All of this is to say that Uncle Baby Billy is quite profoundly an asshole, but the show pulled off two impressive things with the character in the first season. The first is that although Sunday’s season finale, “Better Is the End of a Thing Than Its Beginning,” offers a somewhat surprising redemption arc for nearly every Gemstone—Eli makes amends with a preacher (Dermot Mulroney) the family fucked over; Jesse joins his son Gideon (Skyler Gisondo) doing mission work in Haiti; Judy apologizes to former fiancé BJ (Tim Baltz), whom she had abused during their relationship; and Kelvin saves his sort-of boyfriend Keefe (Tony Cavalero)—and steps backward from the gung-ho anti-megachurch vibe of the preceding episodes, it does not change who Uncle Baby Billy is. The man is a schemer and a charlatan, and after being struck by lightning, he’s still that guy. He’s out here calling himself the Electric Preacher, selling hand-drawn milieus of what he claims he saw in Heaven, and attracting a tent-revival following of people devoted to his word.
All Uncle Baby Billy has ever wanted is a breathless (and mindless) fanbase, and he gets it—and Tiffany is right by his side, helping in her husband’s con. Not everyone is going to become a better person overnight—and a valid compliant about the finale could be that the Gemstones sure do grow consciences quite quickly—so I’m glad The Righteous Gemstones thankfully doesn’t walk away from the very captivatingly awful person they’ve built in Uncle Baby Billy.

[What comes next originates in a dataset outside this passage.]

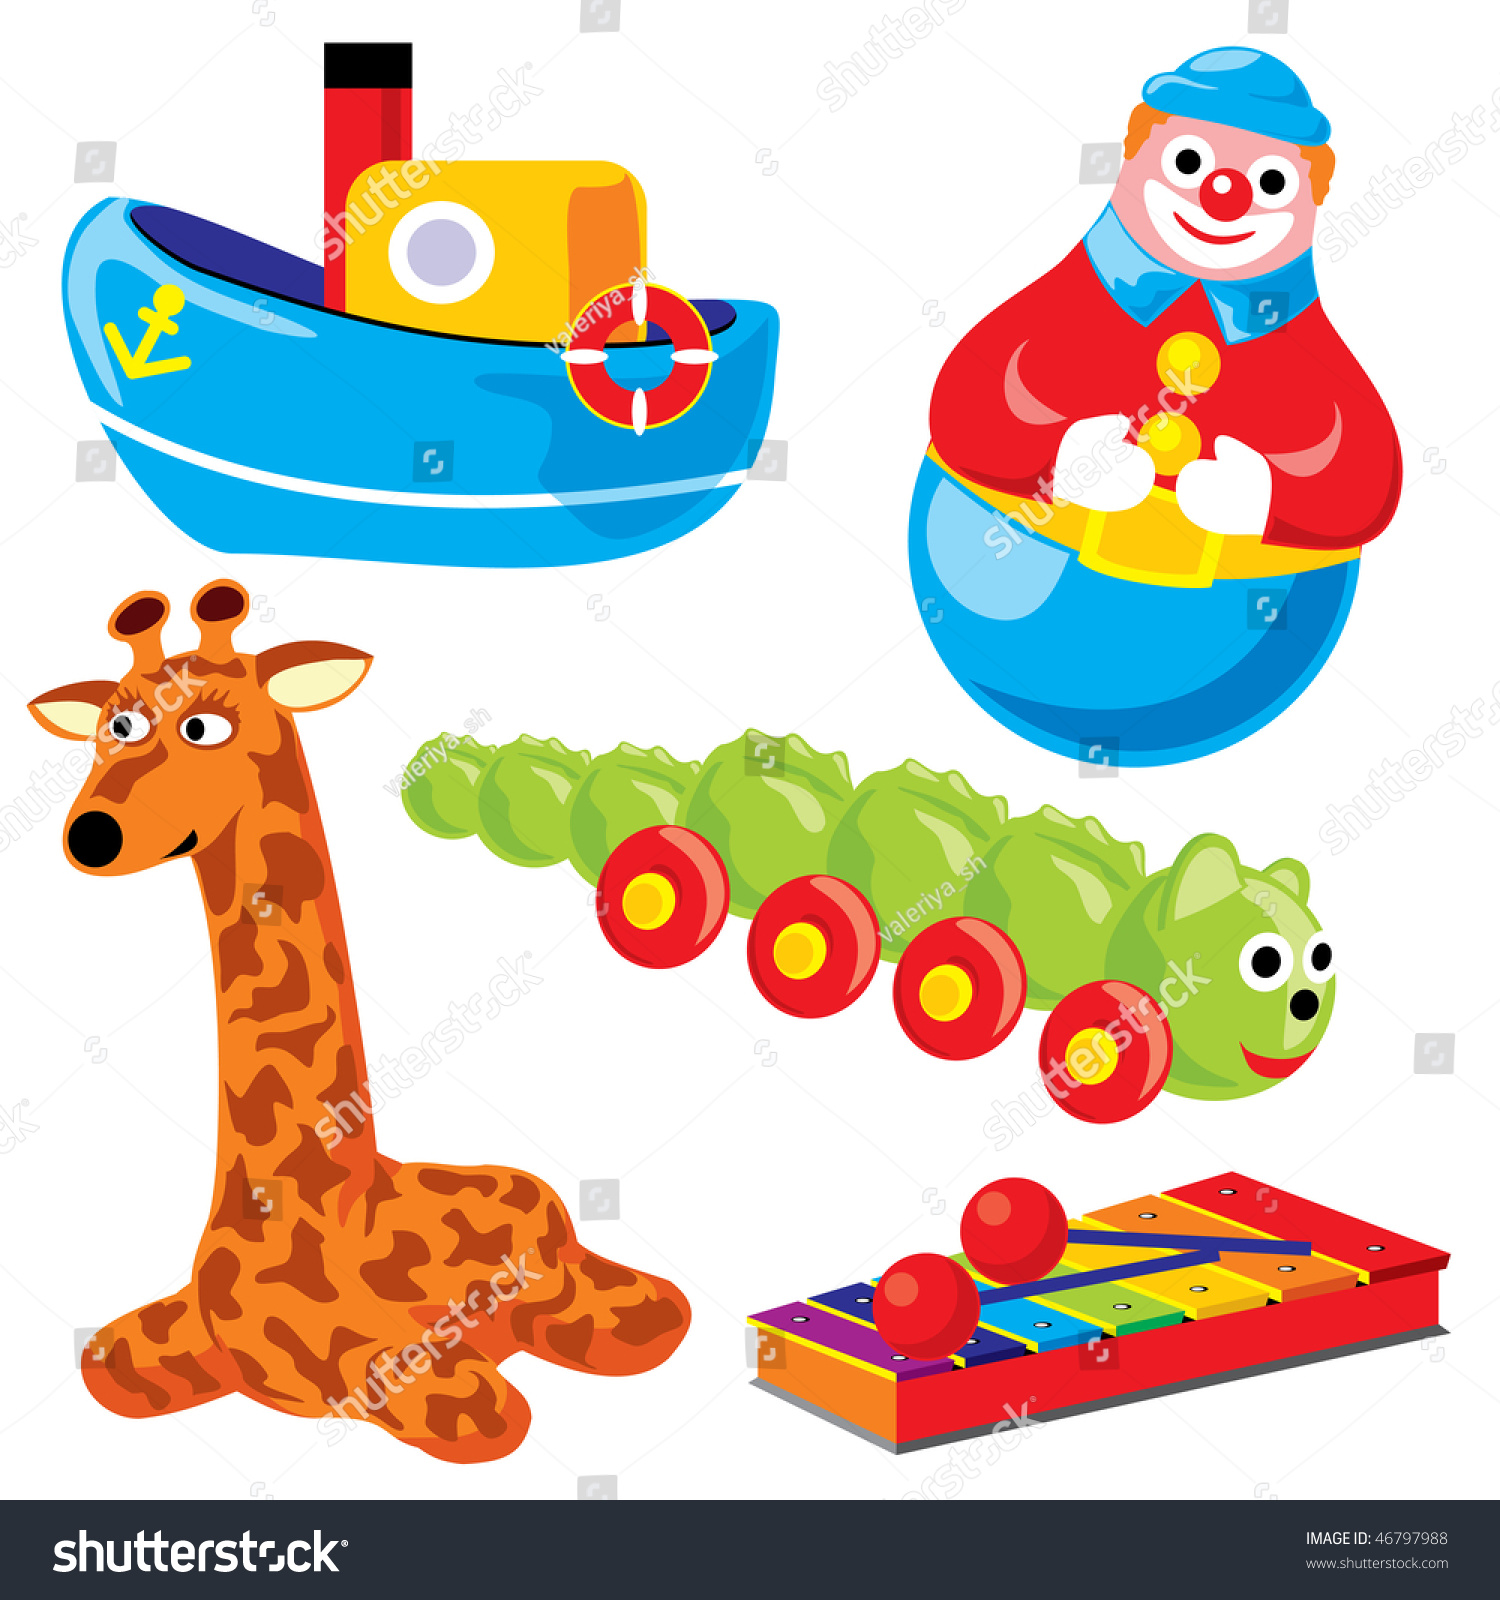 Set Of Vector Images. Children'S Toys - 46797988 : Shutterstock
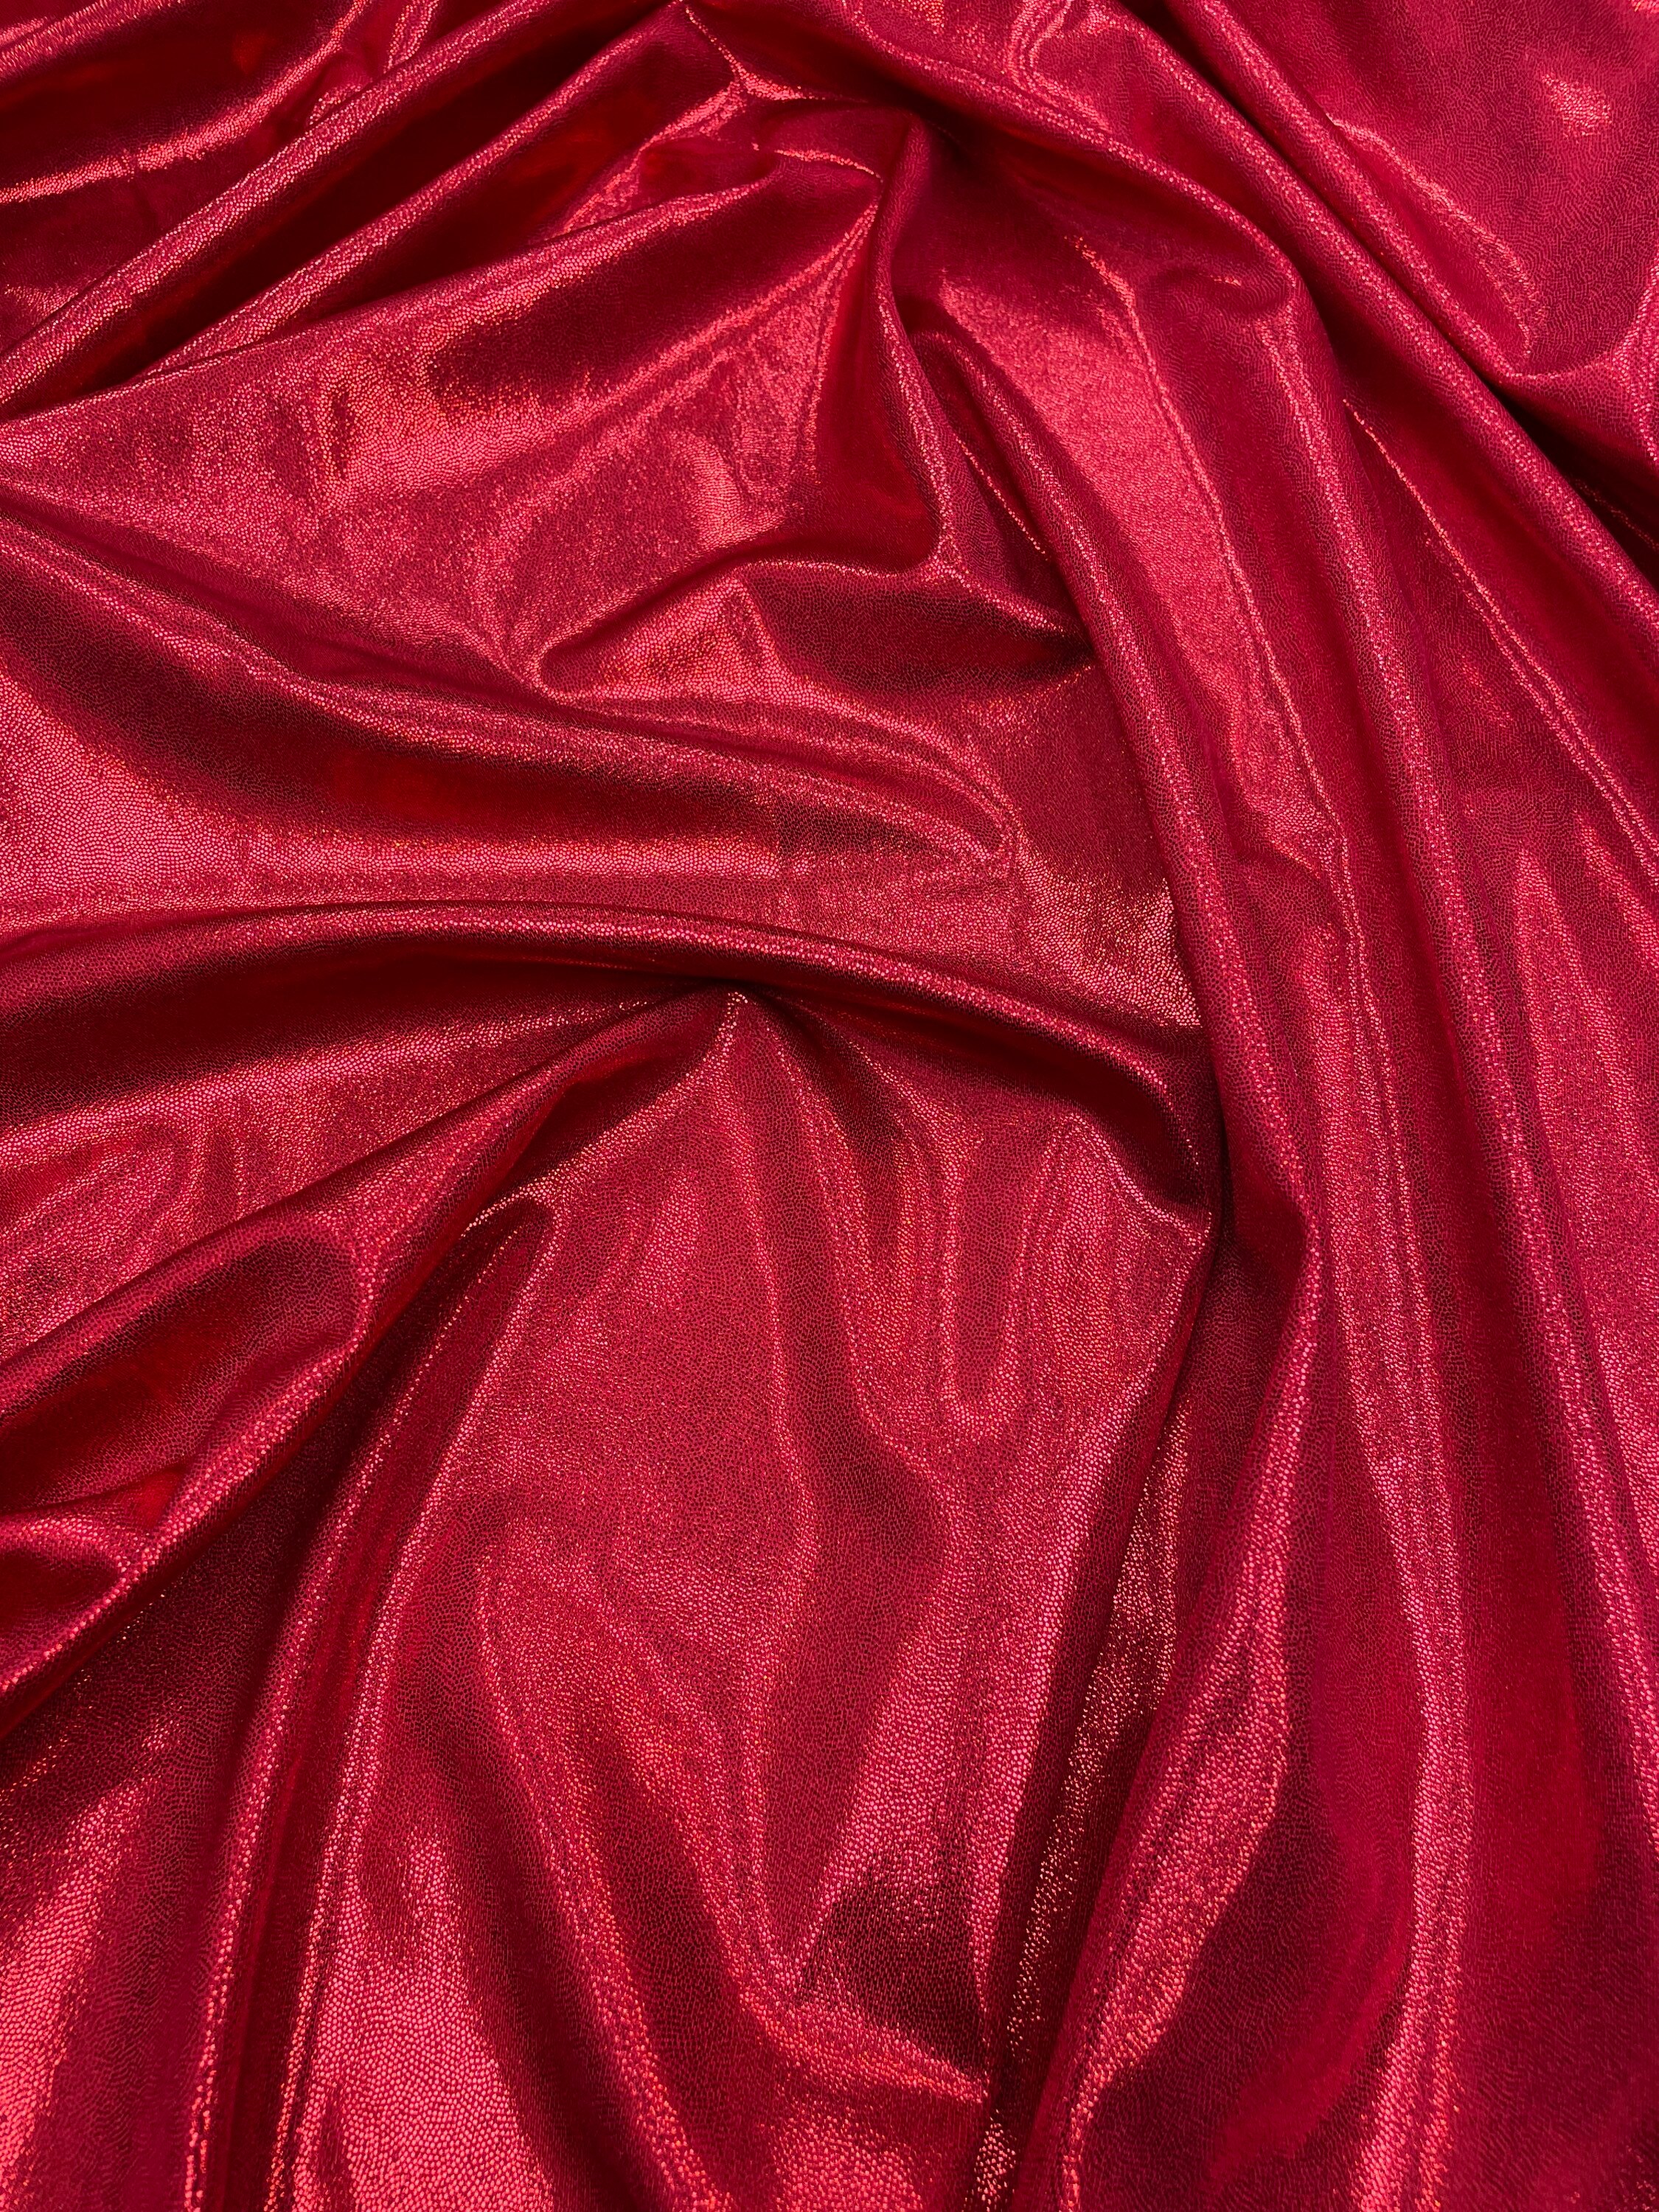 Red Metallic Foggy Foil Nylon Spandex 4 Way Stretch Fabric Sold by

And whether or not Goggins is back for the show’s second season, I remain fascinated by the other thing The Righteous Gemstones does well: Make the Uncle Baby Billy character itself a composite of so many other characteristics we love about Goggins, both as an actor and as a person.
Exhibit A: Those dance moves we see in Vice Principals come up again as Uncle Baby Billy is a prolific clogger, even in his older age.
Exhibit B: A nod to Goggins’s extensive work playing overzealous preachers, from Justified to the indie Them That Follow.
And, most importantly, Exhibit C: THOSE DAMN TEETH. What is the Righteous Gemstones subplot about Tiffany’s teeth—very uneven at first, and then replaced with veneers once the couple steals millions from the Gemstones—if not an acknowledgement of our cultural fascination with Goggins’s own chompers?
Goggins’s teeth are very well-searched on Google, and if you didn’t know about his harrowing tale of losing his front teeth twice, here you go.
I’m convinced that McBride and frequent collaborators Hill and David Gordon Green know all this, know about Goggins’s cult appeal, know which elements of his public persona and acting style appeal to us so much, and leaned into those elements hard to make Uncle Baby Billy a riveting character repellent because of his egoism and empathetic because of his familiarity. The Righteous Gemstones used Goggins perfectly, and I genuinely hope he sticks around on the show because no one else in the world can deliver a song lyric like “Running through the house with a pickle in my mouth” (added by Hill to the song that McBride wrote with costar Patterson and composer Joseph Stephens) as perfectly as he does. No one! The man was born to misbehave.